XPF Inhibitors

XPF inhibitors constitute a class of chemicals that affect the function of the XPF protein, primarily by modulating various DNA repair pathways. These inhibitors include compounds such as Cisplatin, Methyl methanesulfonate, Doxorubicin, Olaparib, Vorinostat, Camptothecin, ATM kinase inhibitors (e.g., KU-55933), VE-821, DNA-PK inhibitors (e.g., NU7441), AZD7762, Hydroxyurea, and H2O2. XPF, a crucial component of the nucleotide excision repair pathway, plays a pivotal role in maintaining genomic integrity by repairing DNA lesions induced by various sources of damage.
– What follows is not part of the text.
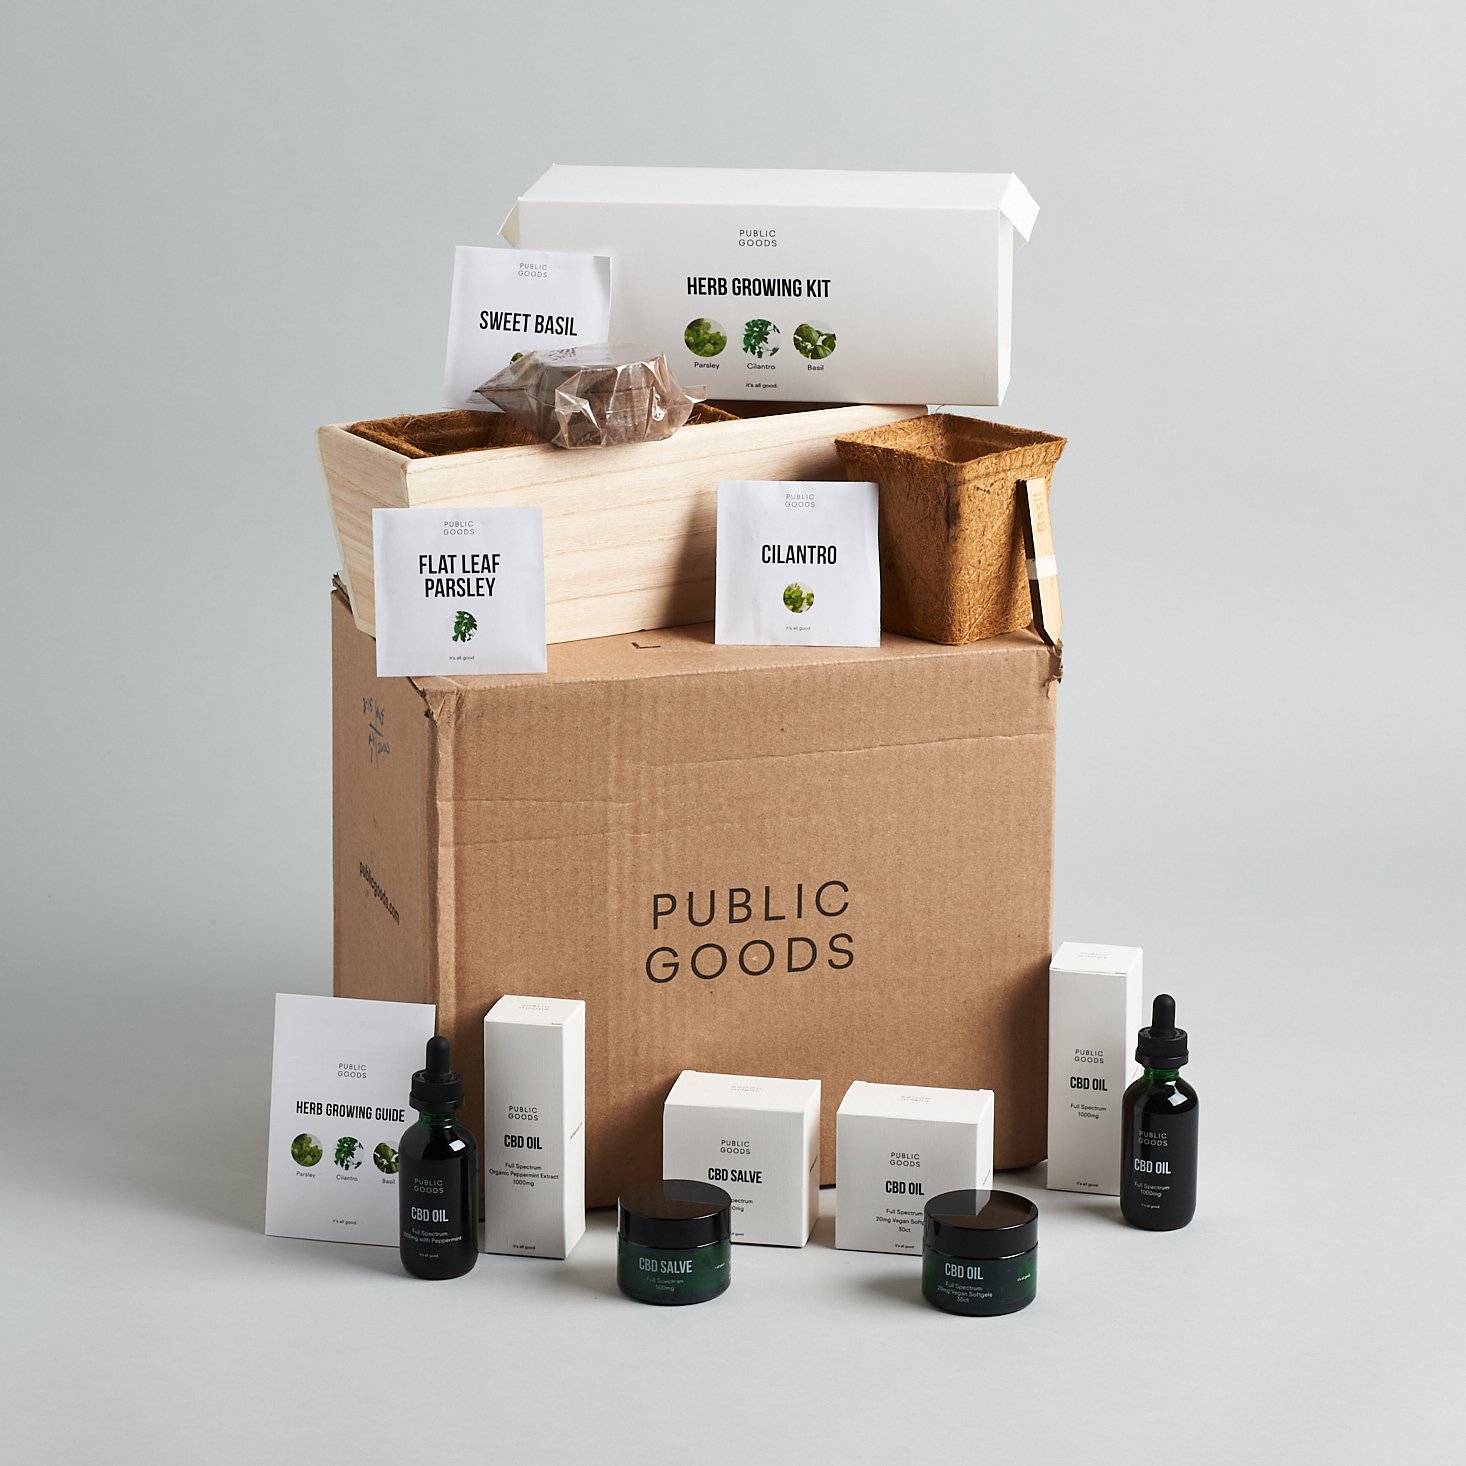 New Eco-Friendly Herb Growing Kit & CBD Products From Public Goods

Cisplatin forms DNA adducts, resulting in DNA damage that activates DNA repair mechanisms, including nucleotide excision repair. This activation can indirectly affect XPF by engaging it in the repair process. Methyl methanesulfonate, DNA intercalators like Doxorubicin, and other agents that promote DNA damage trigger repair responses that indirectly involve XPF. Olaparib, a PARP inhibitor, blocks DNA repair, disrupting XPF's participation in DNA repair pathways. Histone deacetylase inhibitors like Vorinostat influence chromatin structure and gene expression, indirectly affecting DNA repair pathways involving XPF. Inhibitors of topoisomerases, such as Camptothecin, induce DNA damage, triggering DNA repair responses that may involve XPF indirectly. Inhibition of ATM kinase with compounds like KU-55933 disrupts the DNA damage response, affecting XPF's role in DNA repair. VE-821, an inhibitor of ATR kinase, interferes with the DNA damage checkpoint and DNA repair processes, impacting XPF function. DNA-PK inhibitors, such as NU7441, hinder non-homologous end joining (NHEJ) repair, indirectly affecting XPF-related DNA repair pathways. AZD7762 and Hydroxyurea disrupt cell cycle checkpoints and DNA repair responses, influencing XPF-mediated repair mechanisms. Additionally, reactive oxygen species (ROS), like H2O2, can cause DNA damage and activate repair pathways, involving XPF indirectly.